ACS MACRO LETTERS; Volume: 5; Issue: 12; Pages: 1306-1311; DOI: 10.1021/acsmacrolett.6b00684; Published: DEC 2016

Block copolymers (BCPs) have the potential to play a key role in templating materials for nanoscale synthesis. BCP lithography likely will be one of the first examples of BCP-based nanomanufacturing implemented in a production setting. One of the challenges in implementing BCP lithography is that the lamella need to be oriented perpendicular to the substrate. For many systems, this requires control over interfacial energies for both components at the substrate and interface. Top coats can be designed to provide a neutral interface for both blocks on the BCP surface.

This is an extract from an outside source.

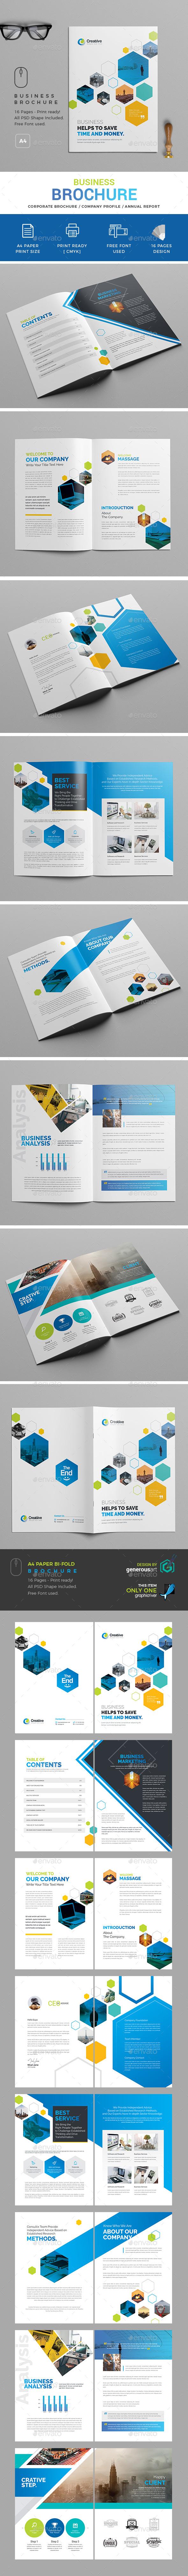 Business Bochure - Brochures Print Templates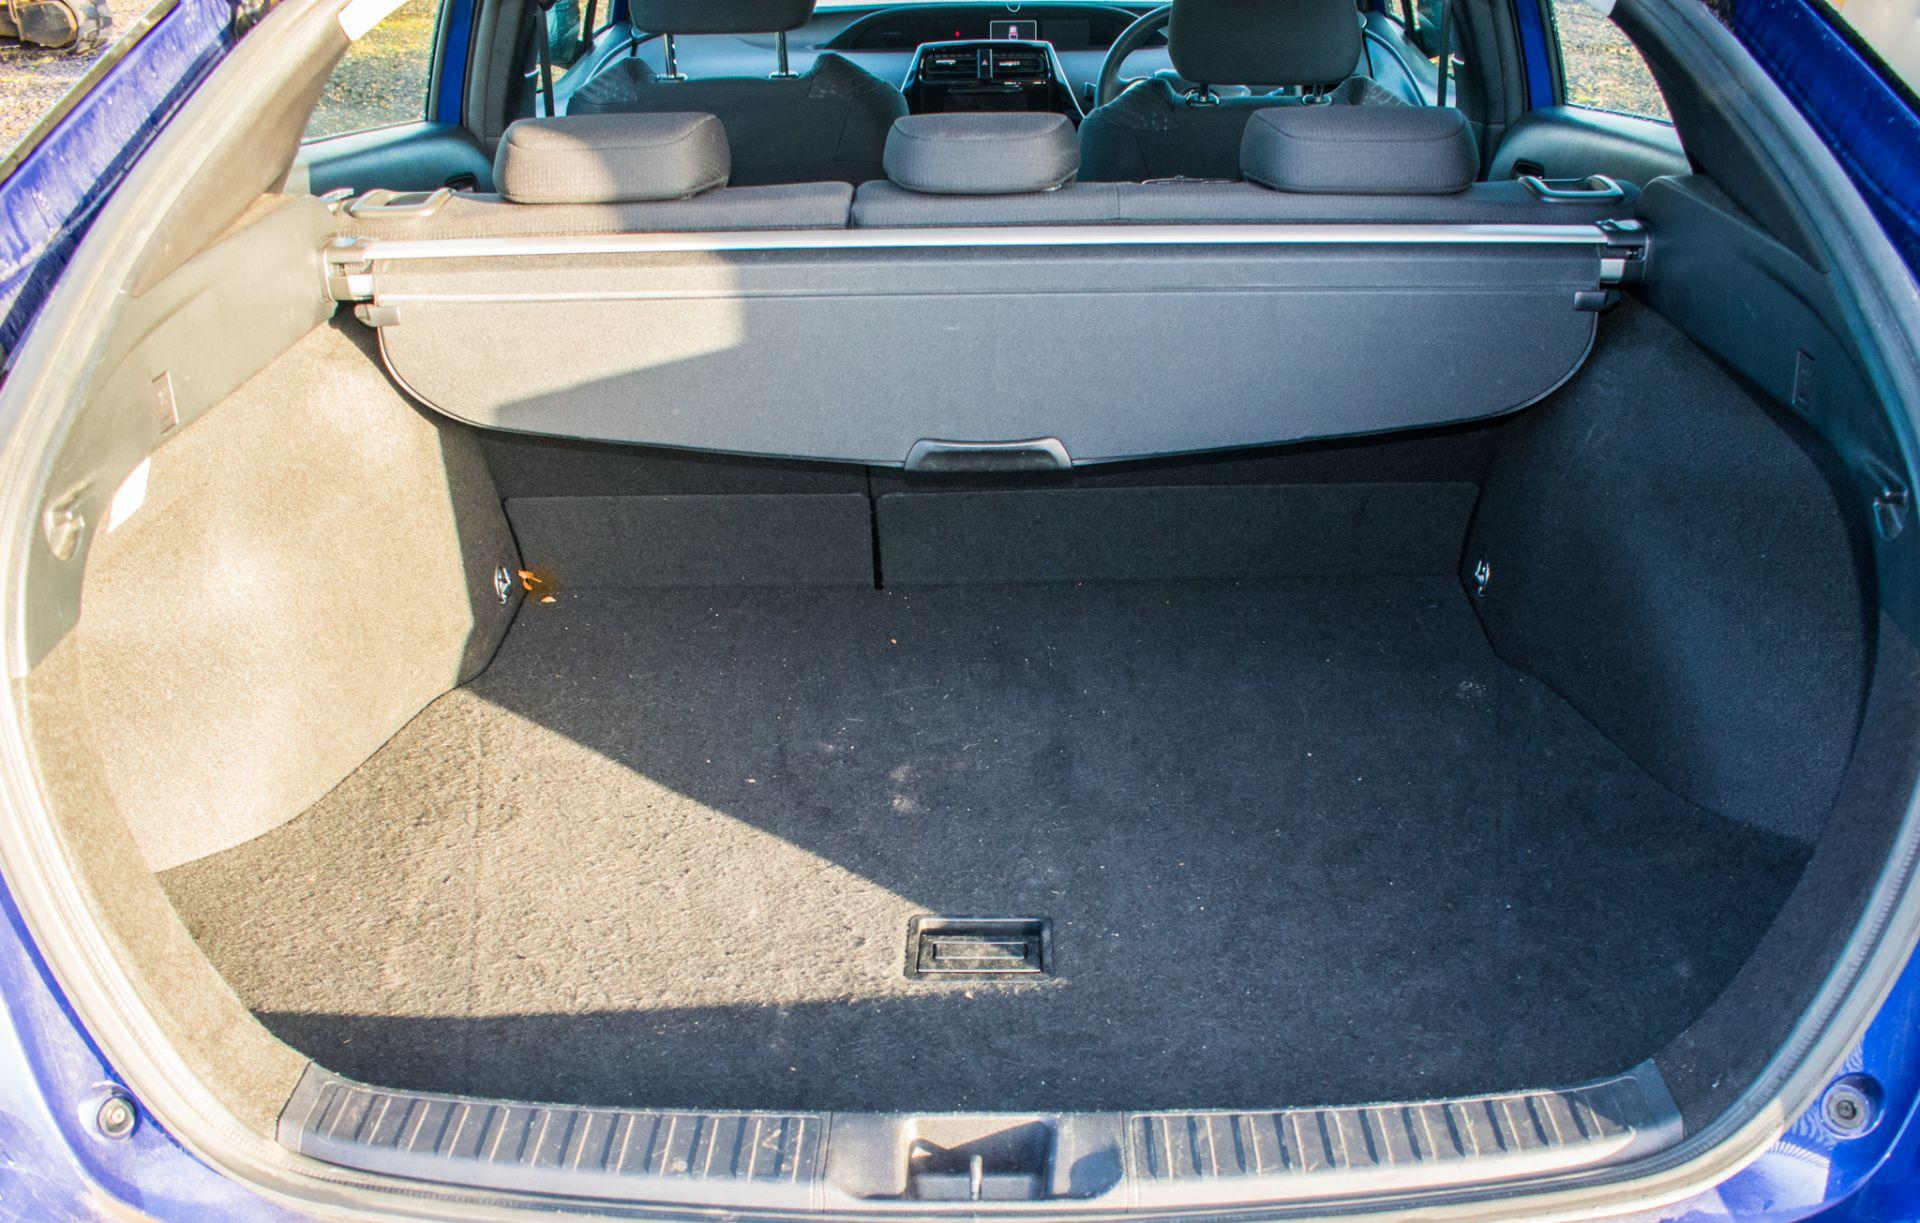 ToyotaPrius ActiveHybrid Electric 5 doorHatchback  Registration Number: LM67 OKH Date of First - Image 17 of 17

The preferentiality of the top coat as a function of composition has been determined qualitatively by examining the orientation of a BCP after annealing with a top coat. Measurements of the interfacial width between the top coat and homopolymers allows the interface energy to be quantitatively determined. Resonant soft X-ray reflectivity measurements on top coat/homopolymer pairs were used to extract the Flory-Huggins parameter (chi) and interface energy (gamma) as a function of top coat composition. The difference between chi and gamma for each top coat/homopolymer pair was minimized at compositions that resulted in the top coat promoting perpendicular orientation. As the composition moved away from the neutral point the difference between chi and gamma for each pair grew larger.